Agent Self-Healing

Self-healing pipeline from alert detection to autonomous repair.

Agent Self-Healing

Overview

The self-healing system automatically detects and resolves infrastructure issues without human intervention. It integrates with Prometheus for monitoring and uses AI agents for diagnosis and repair.

Healing Pipeline

Prometheus Alert → Alertmanager Webhook → Agent Runtime → Responsible Agent → Heal()

Step 1: Detection

Prometheus monitors all managed resources and fires alerts when thresholds are breached:

# Example Prometheus alert rule

  • alert: InstanceDown

  expr: up{job="instance-health"} == 0
  for: 2m
  labels:
    severity: critical
    resource_kind: Instance
  annotations:
    summary: "Instance {{ $labels.instance }} is down"

Step 2: Webhook

Alertmanager sends the alert to the Agent Runtime via webhook:

{
  "alerts": [
    {
      "status": "firing",
      "labels": {
        "alertname": "InstanceDown",
        "resource_kind": "Instance",
        "resource_id": "inst-abc123",
        "severity": "critical"
      }
    }
  ]
}

Step 3: Dispatch

The Agent Runtime maps the resource_kind to the responsible agent and calls its Heal() method with the issue details.

Step 4: Diagnosis

The agent uses the LLM to diagnose the issue by analyzing available data:

  • Resource status and recent state changes
  • Metrics history (CPU, memory, disk, network)
  • Recent logs and events
  • Provider-level information

Step 5: Repair

Based on the diagnosis, the agent generates and executes a repair plan using its tools.

Issue Types

Issue TypeDescriptionTypical Repair Actions
service_downService is unresponsive or crashedRestart service, reboot instance, failover
disk_fullDisk usage exceeds thresholdClean old logs, rotate files, expand volume
high_cpuSustained high CPU utilizationIdentify runaway process, scale up, add instances
replication_lagDatabase replica significantly behindRestart replication, rebuild replica
connection_timeoutCannot establish connectionCheck security groups, restart networking, DNS check
## Healing Policies

Healing behavior is configurable per resource kind and issue type:

{
  "resource_kind": "Instance",
  "issue_type": "service_down",
  "auto_heal": true,
  "max_retries": 3
}

When auto_heal is true, the agent attempts repair automatically up to max_retries times. After exhausting retries, the issue is escalated for human intervention.

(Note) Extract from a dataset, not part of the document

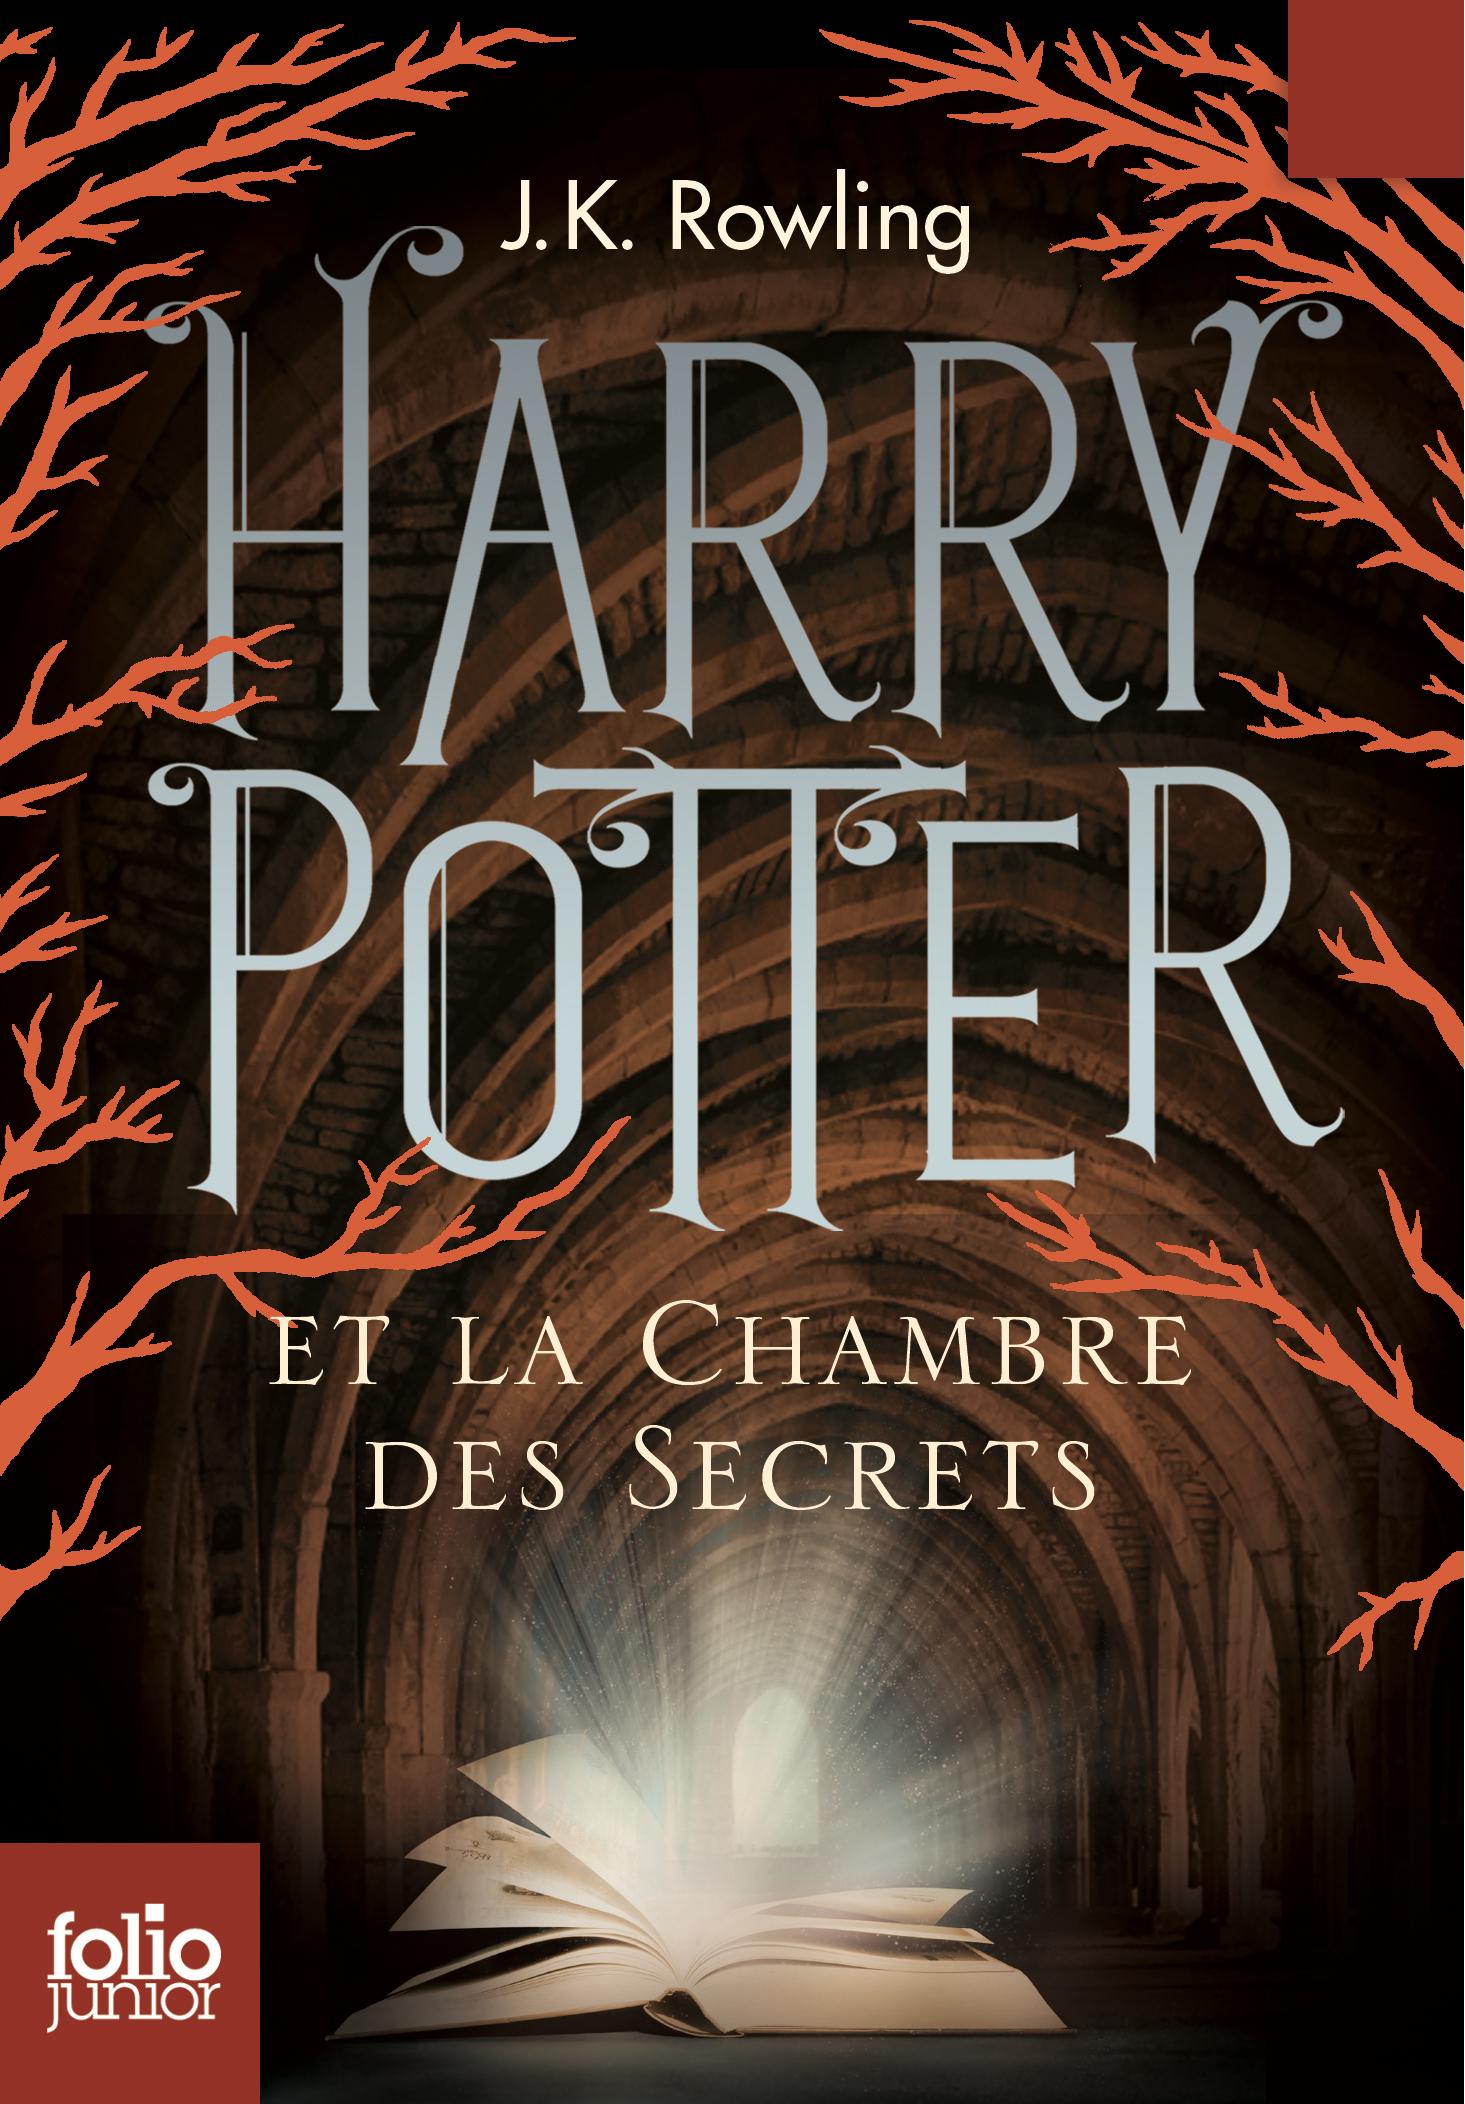 French redesigned Folio Junior cover (2011)

When auto_heal is false, the agent generates a repair plan but waits for human approval before executing it.

Healing Example

Alert: InstanceDown for inst-abc123
Agent: instance-agent
Diagnosis: SSH connection failed. Provider reports instance is running.
           Network interface may be misconfigured.
Plan:
  1. Attempt soft reboot via provider API
  2. Wait 60s for instance to come back
  3. Verify connectivity via health check
Result: Instance recovered after soft reboot. Total healing time: 90s.